Em meio ao burburinho do cotidiano, uma jovem buscava organizar seus pensamentos para então tranquilizar a mente e conseguir trabalhar.

Mas era tão difícil.

Por mais que buscasse organizar suas idéias, em poucos instantes seu pensamento vagava entre lembranças e aflições.

Desconcentrava-se e afligia-se.

Sentia vontade de sair correndo para longe.

No entanto, sabia que seu desconforto nada tinha a ver com seu trabalho.

Além disso, não seria um lugar qualquer que lhe devolveria a serenidade perdida.

Era nisso que pensava quando olhou pela janela.

Nuvens espessas e escuras escondiam o sol.

As montanhas próximas pareciam ter sido engolidas por densa névoa.

A luminosidade do dia dava lugar à certeza da tempestade que não tardaria a cair.

Sentiu seu coração ainda mais pesado.

Era como se o seu estado de espírito estivesse representado pelo cenário emoldurado na janela.

Quando as primeiras gotas da chuva começaram a escorrer pela vidraça ela sentiu-se mais infeliz.

O desejo de chorar só foi contido pela presença dos colegas de trabalho, alheios à sua dor.

Baixou novamente os olhos na tentativa de retomar o trabalho quando encontrou, entre seus pertences, um papelzinho impresso.

Era uma dessas curtas mensagens que se acham dentro dos chamados "biscoitinhos da sorte".

Era singelo, mas preciso: "depois da tempestade vem a bonança."

Reencontrar, naquele momento, quando a chuva caía pesada, o bilhetinho que recebera por acaso dias antes, parecia-lhe mais do que uma simples coincidência.

Afinal, sentia-se em meio a uma tempestade.

Problemas sérios invadiam sua vida.

Era como se uma enxurrada estivesse arrastando para longe dela sua paz e sua felicidade.

Olhou novamente para o pequeno papel e o releu.

No instante seguinte, olhou para fora.

Pensou:"para Deus nada é impossível."

Cobriu o rosto com as mãos e fez uma breve, mas sincera prece, rogando ao Pai força e coragem para prosseguir.

Sentiu-se mais leve e acabou sendo envolvida, sutilmente, pelo trabalho.

O telefone tocou, pessoas a chamaram para resolver questões profissionais, e assim foi.

Sem que percebesse, seus problemas pessoais cederam lugar à concentração no trabalho que ha pouco lhe faltava.

Os minutos foram seguidos pelas horas. Quando, no final da tarde, ela voltou seus olhos para fora não pôde conter o espanto.

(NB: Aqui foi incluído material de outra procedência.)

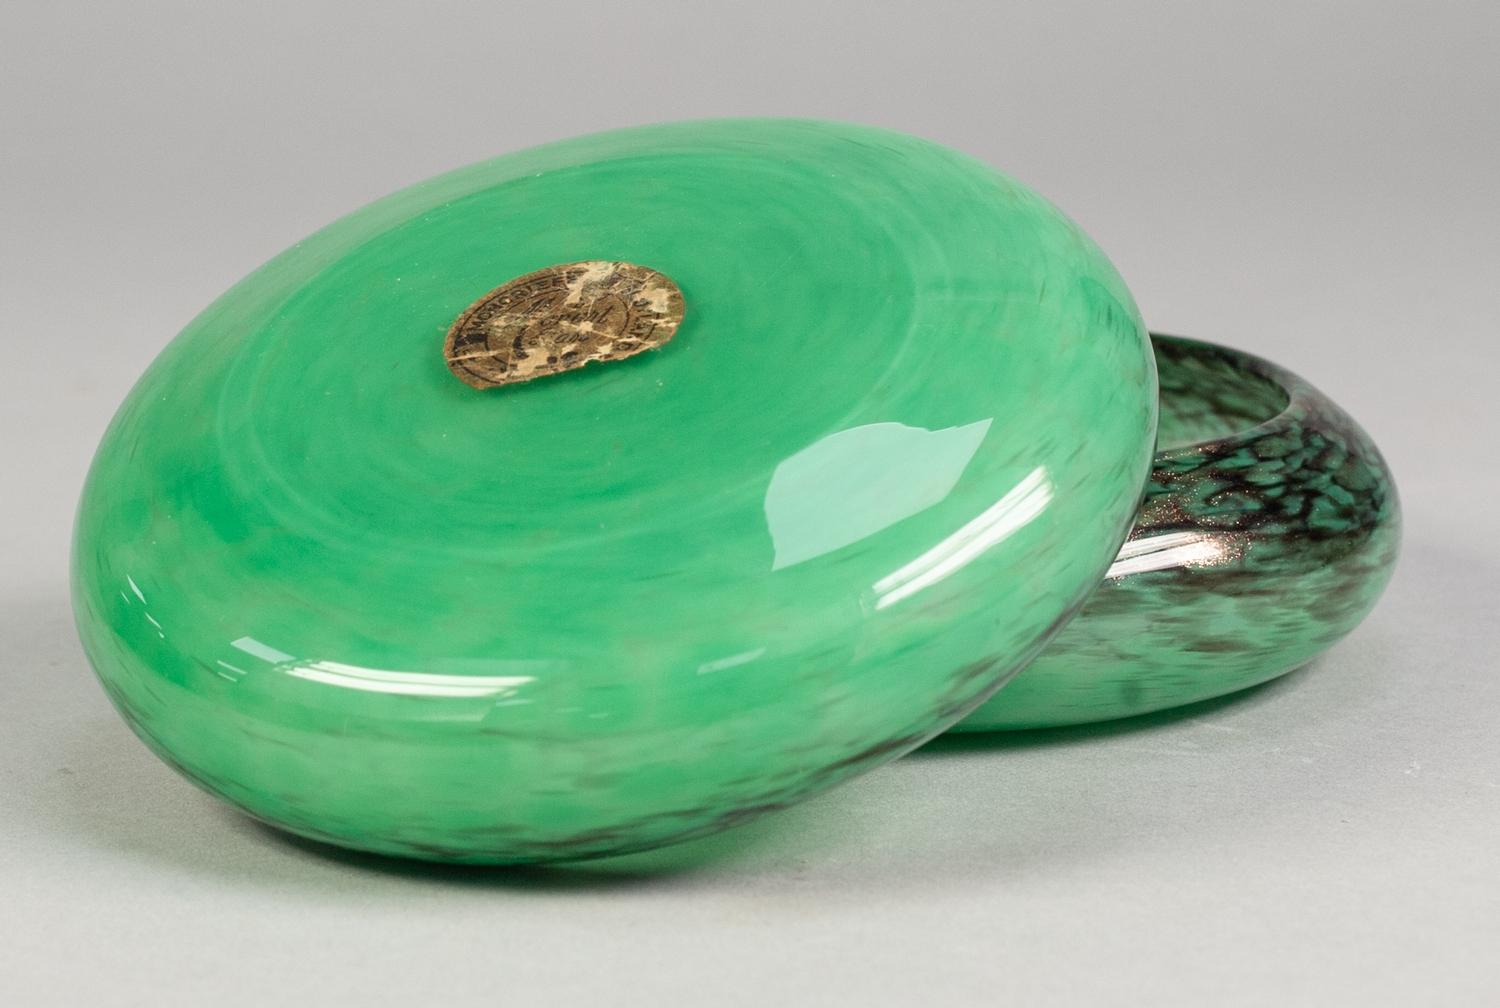 PAIR OF SCOTTISH, MONART LABELLED, SHALLOW GLASS DISHES, green mottled, with turned-in rims, with - Image 2 of 2

A chuva havia parado e o cenário era muito diferente: o céu, banhado por intensa luz do sol, não tinha nuvens.

As montanhas, antes ocultas pela neblina, agora tinham seus contornos bem definidos.

Naquele momento, uma colega aproximou-se e disse-lhe: "quem diria, não?

Depois da chuva que caiu no começo da tarde, um final de dia ensolarado como esse!"

E completou, sorrindo: "para Deus nada é impossível!"

A jovem sorriu, sentindo o ânimo renovado, e pensou: "realmente, para Deus tudo é possível."

O amor de Deus é uma presença constante na vida de cada um de nós.

Enlevados pela alegria ou arrasados pelo sofrimento, por vezes, esquecemo-nos disso. No entanto, em momento algum Ele nos esquece, ou abandona.